A mistake, which nobody heard

september 8, 2017

Juliette sat in the hall. She was surrounded at least by thousand people, excited whispering, rustling of the brochures and creaking noise of the several hundred years old chairs would have meant a pleasant buzz for anyone, but all this never reached her. She was soaking up the spectacle with widely open eyes, the sparkling of the chandeliers, the vivid colours of the frescos, the velvet burgundy colours of the curtain and of course the orchestra discreetly tuning in the orchestra pit!

Ever since she was a little girl, she was obsessed with Beethoven and the Appassionata, which according to her was the most amazing piece of the composer. Whenever she remembered the diverse pearlings, she always felt so close to the composer suffering from deafness, who had to lose whatever was the most important for him in life.

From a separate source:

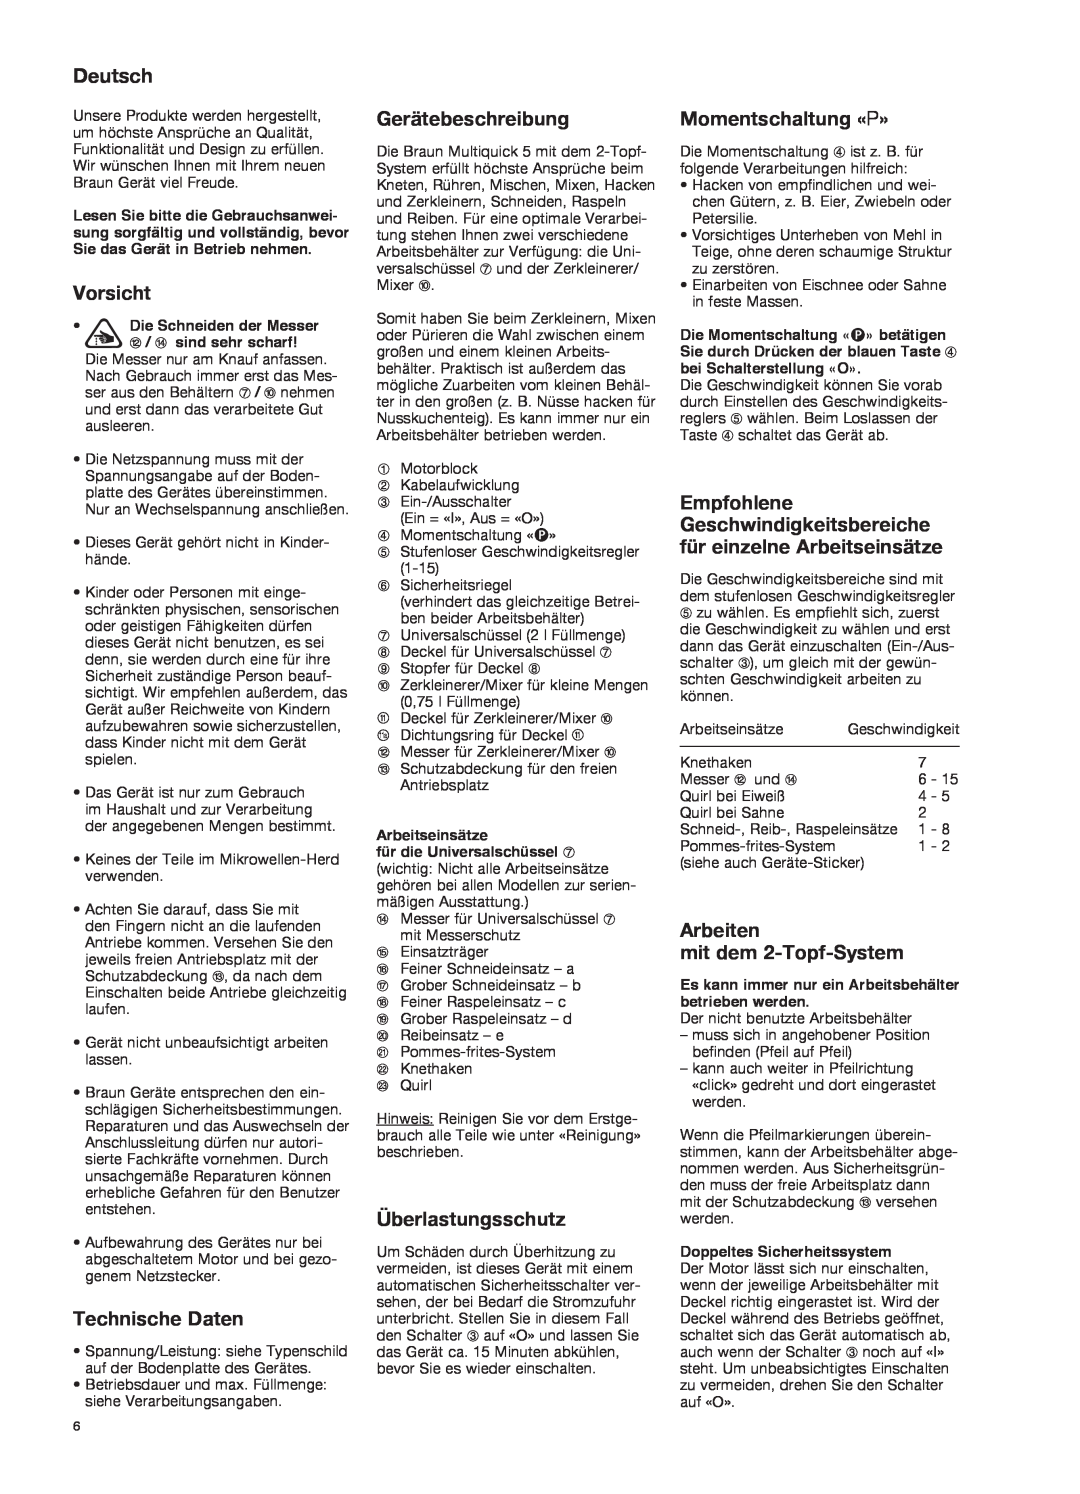 Braun K 700 black manual Deutsch, Vorsicht, Technische Daten, Gerätebeschreibung, Überlastungsschutz, Momentschaltung «P» 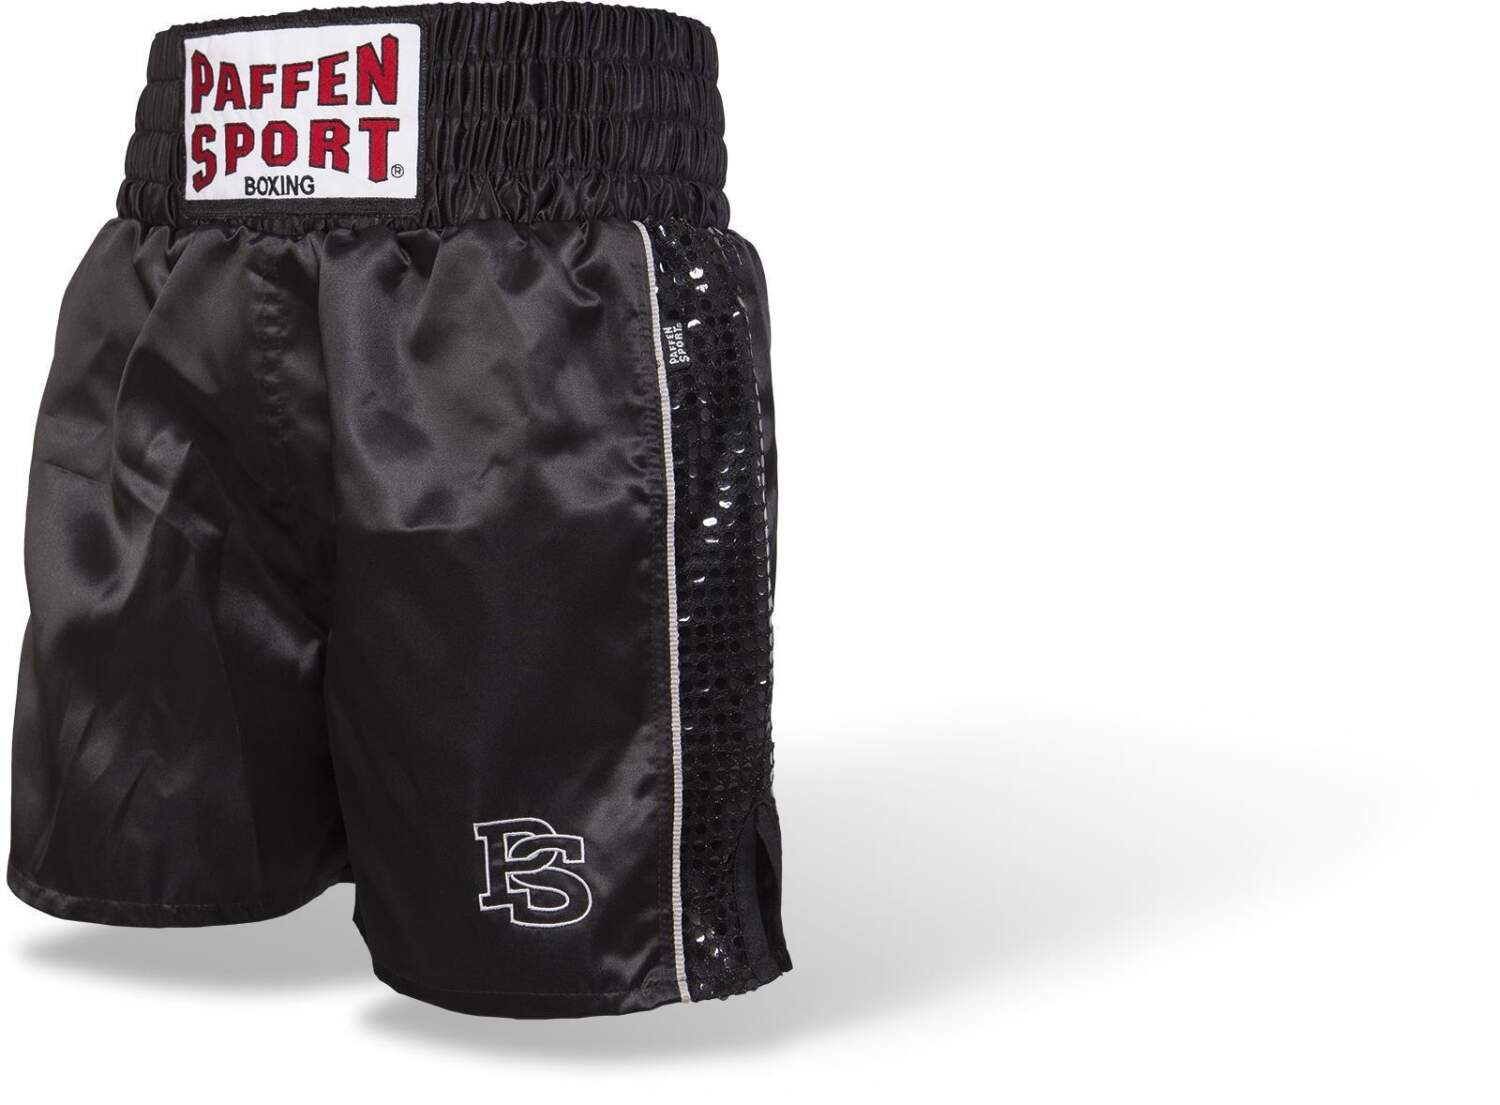 Paffen Sport Contest Boxerhose schwarz

When the curtains were pulled apart and the pianist walked on stage, the eyes of Juliette were drowned in tears. She could not believe that finally, first time in her life she can enjoy the performance in live, and on the stage of the Paris Opera Palais Garnier. She tried to discreetly dry up her tears with a tissue, as she didn’t want to miss any moment. She was gazing in fascination at the fingers of the pianist, who to start with was touching the keys very gently, exchanging romantic kisses with the keyboard, and later on more intensely playing faster and trickier versions, as if he would have been dancing enthusiastically with the music. The artist closed his eyes while playing, but Juliette didn’t dare to close hers not even for a second. Similarly to her childhood, when she first heard in the study of her father, she felt again the same thing: music takes her to an unknown world. The first, fast part grabbed her like a fast-flowing river, there is no way of escaping, it is taking her and throwing her up and down, sometimes her head is out of the water, sometimes under, she doesn’t even know anymore which way is the blue sky… And then the water throws her off the cliff, so that she can pop in the lower calm lake in a purified, reborn and refreshed condition. The second, slower part cradled her; let her to lay on its back while the rays of sunlight where gently touching her face. Later on, when she got bigger she read several studies about the goals of the composer with this music, but even though she respected the music scientists, she always felt that nobody truly understood the composer. This separate world was their secret: a secret agreement between her and Beethoven, namely that no one can have a look at the little lake. In the end this was not the only thing they had in common. Therefore could she be so enthusiastic here, even if she had to go through a lot of pain in the outside world.

The third part wasn’t so peaceful and Juliette was uncomfortably fidgeting on her chair. For her, this part always meant that her persecutors, who chased her to the river, found her: they grab her from the lake to take her with them and they wanted to take away from her the most important thing that really mattered to her, namely her love for music, which she inherited from her father. This part of the piece was bitter-sweet for her, as this was the last one she heard in her life. When her illness got worse, she played this piece to herself many many times, and every time she felt that it was taking away another piece of her hearing. When the last voices died off, the world became silent to her forever, but she could easily play it in her mind or on her piano at any time. But nothing was as beautiful as sitting here and looking at the pianist, gazing at him with widely opened eyes and noticing, nearly hearing when his finger shook a little bit at one of the notes of the last part and when he extended the pause by one hundreds of a second. This was their little secret, and from this knowledge she felt like as if she would have given her hearing back for a day.

She felt that finally she found peace: right now the last part became also comforting for her, all sadness disappeared.